▸ **Assignment**: After finding the line with "TM 9-801 US" in the data below, set down exactly each line through the one with "Appliance Kingdom - Edmonton", inclusive, and stop there.

-- Data for the task follows --

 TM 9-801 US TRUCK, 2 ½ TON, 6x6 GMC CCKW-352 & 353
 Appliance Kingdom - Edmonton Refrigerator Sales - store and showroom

-- Data for the task concluded --
-- Data for the task follows --

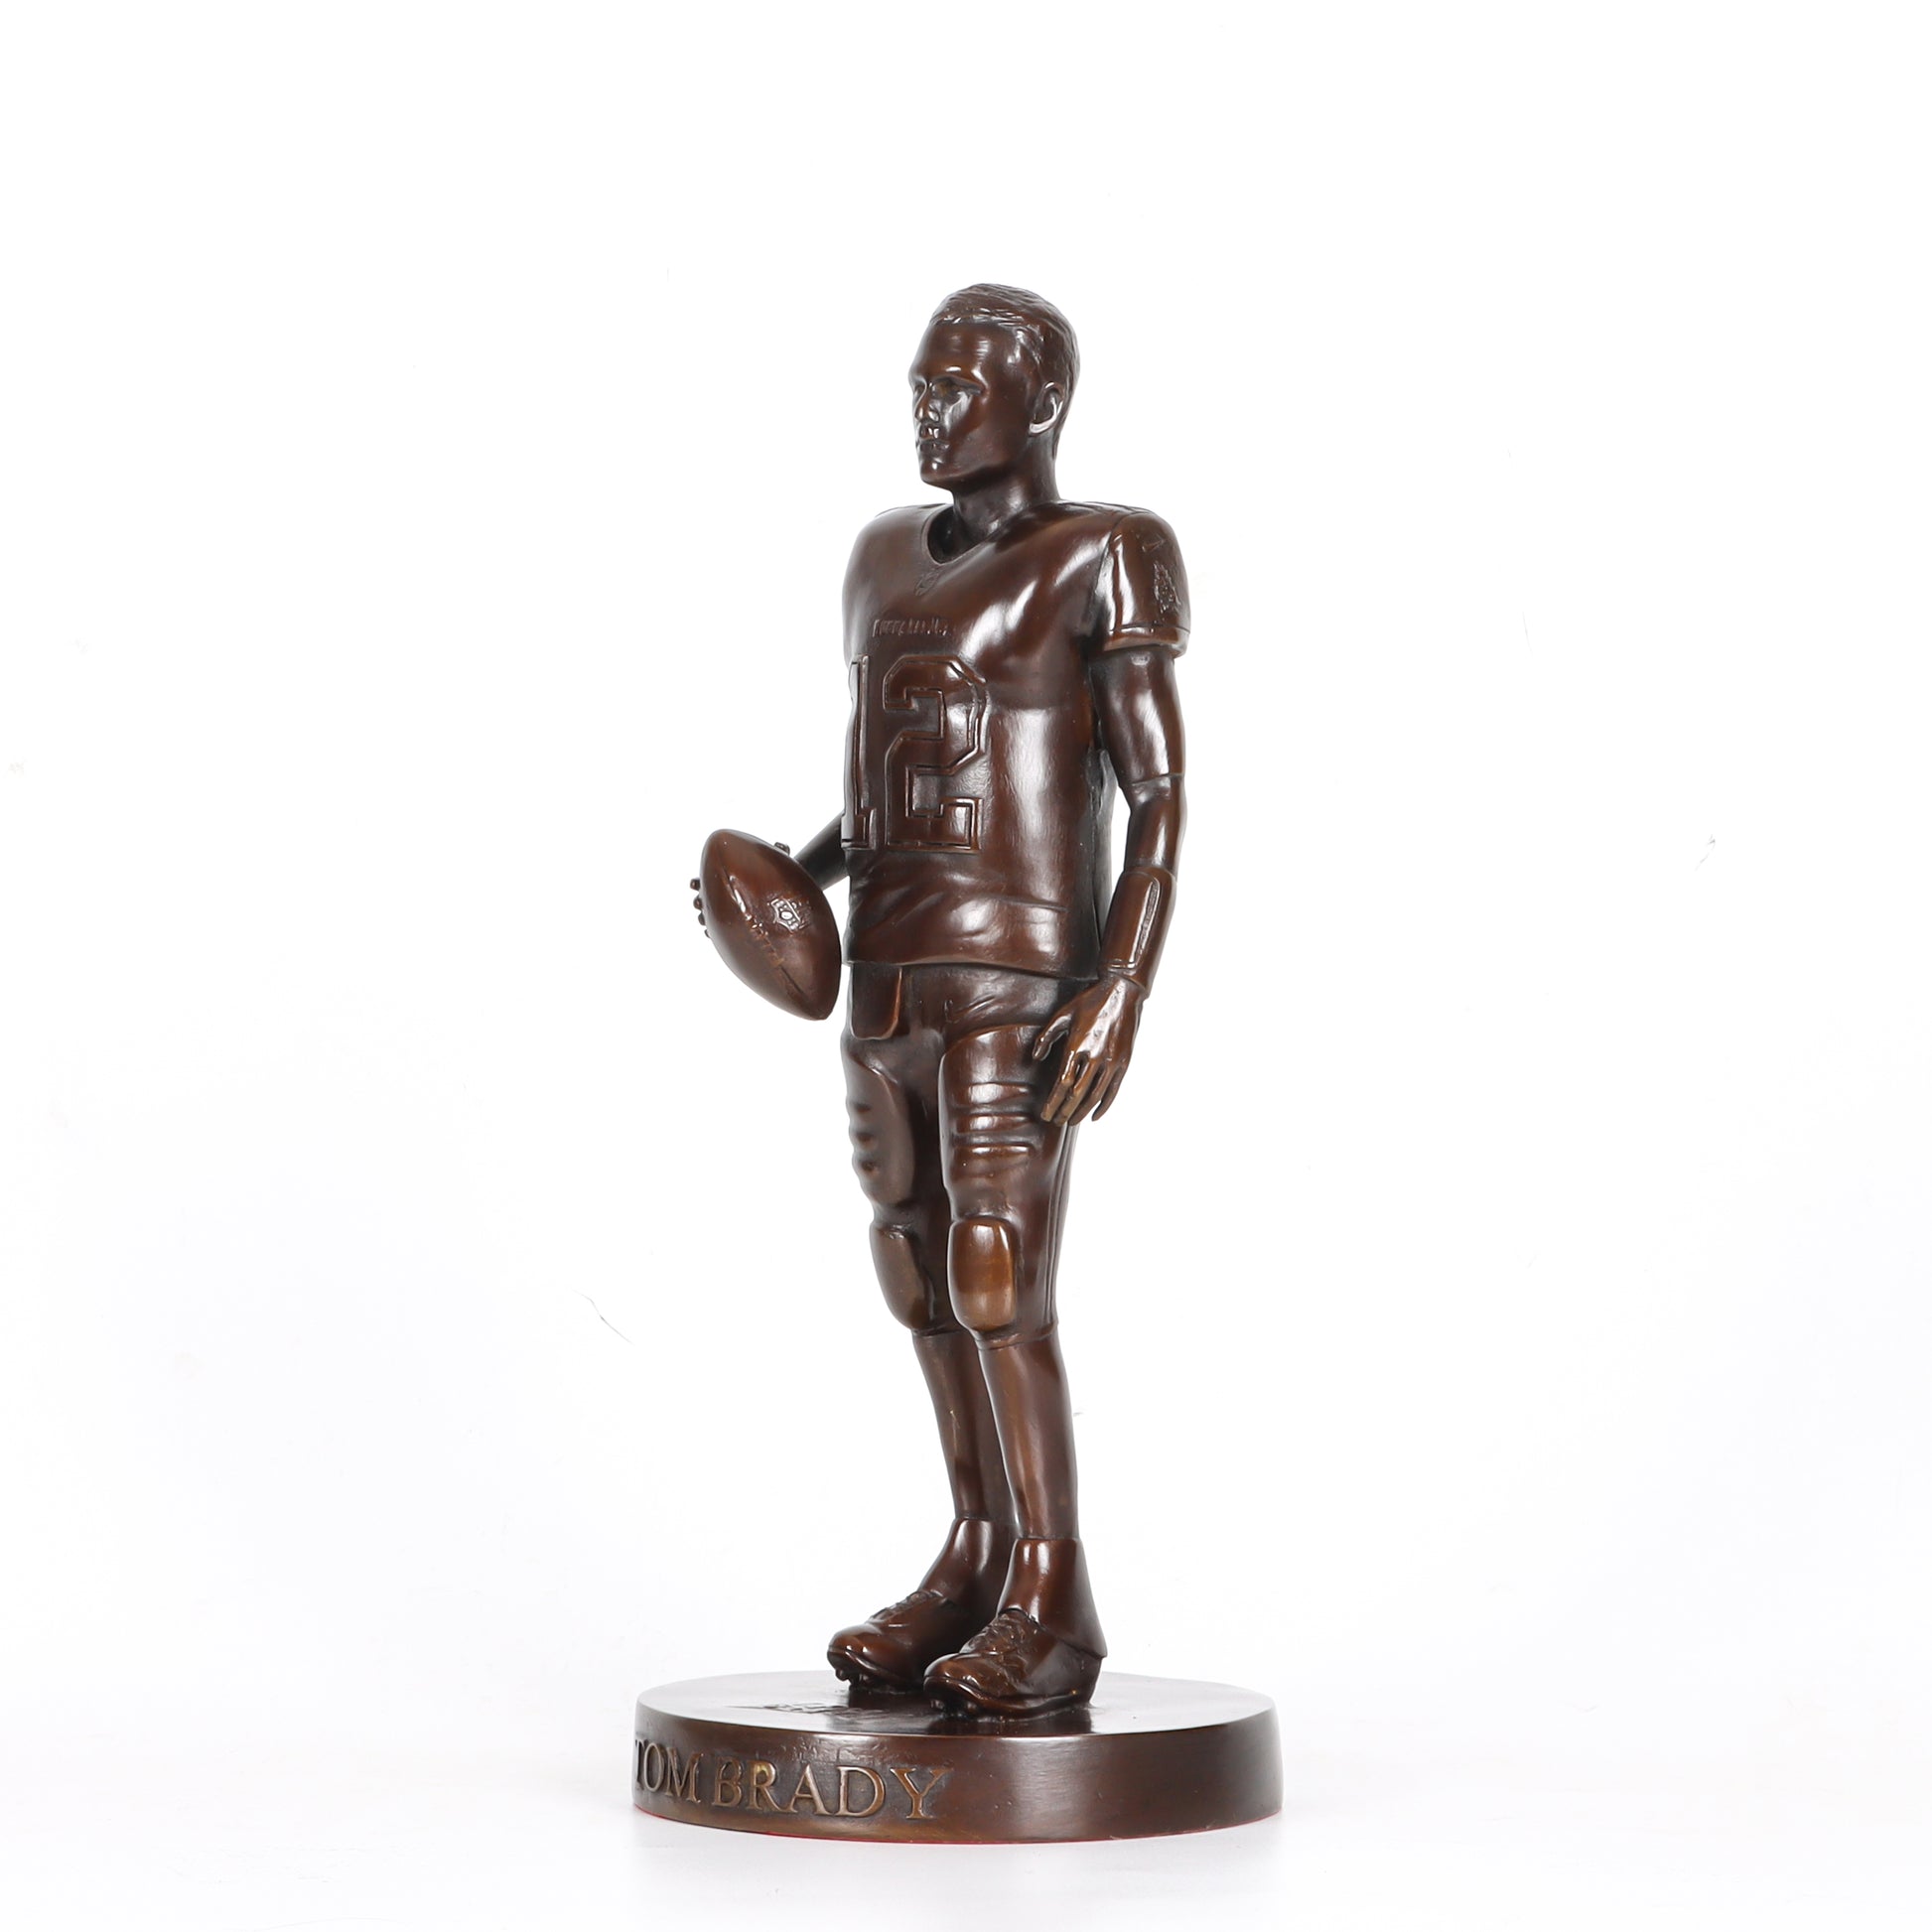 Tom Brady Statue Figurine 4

-- Data for the task concluded --

▸ **Task result**:
 TM 9-801 US TRUCK, 2 ½ TON, 6x6 GMC CCKW-352 & 353
 Appliance Kingdom - Edmonton Refrigerator Sales - store and showroom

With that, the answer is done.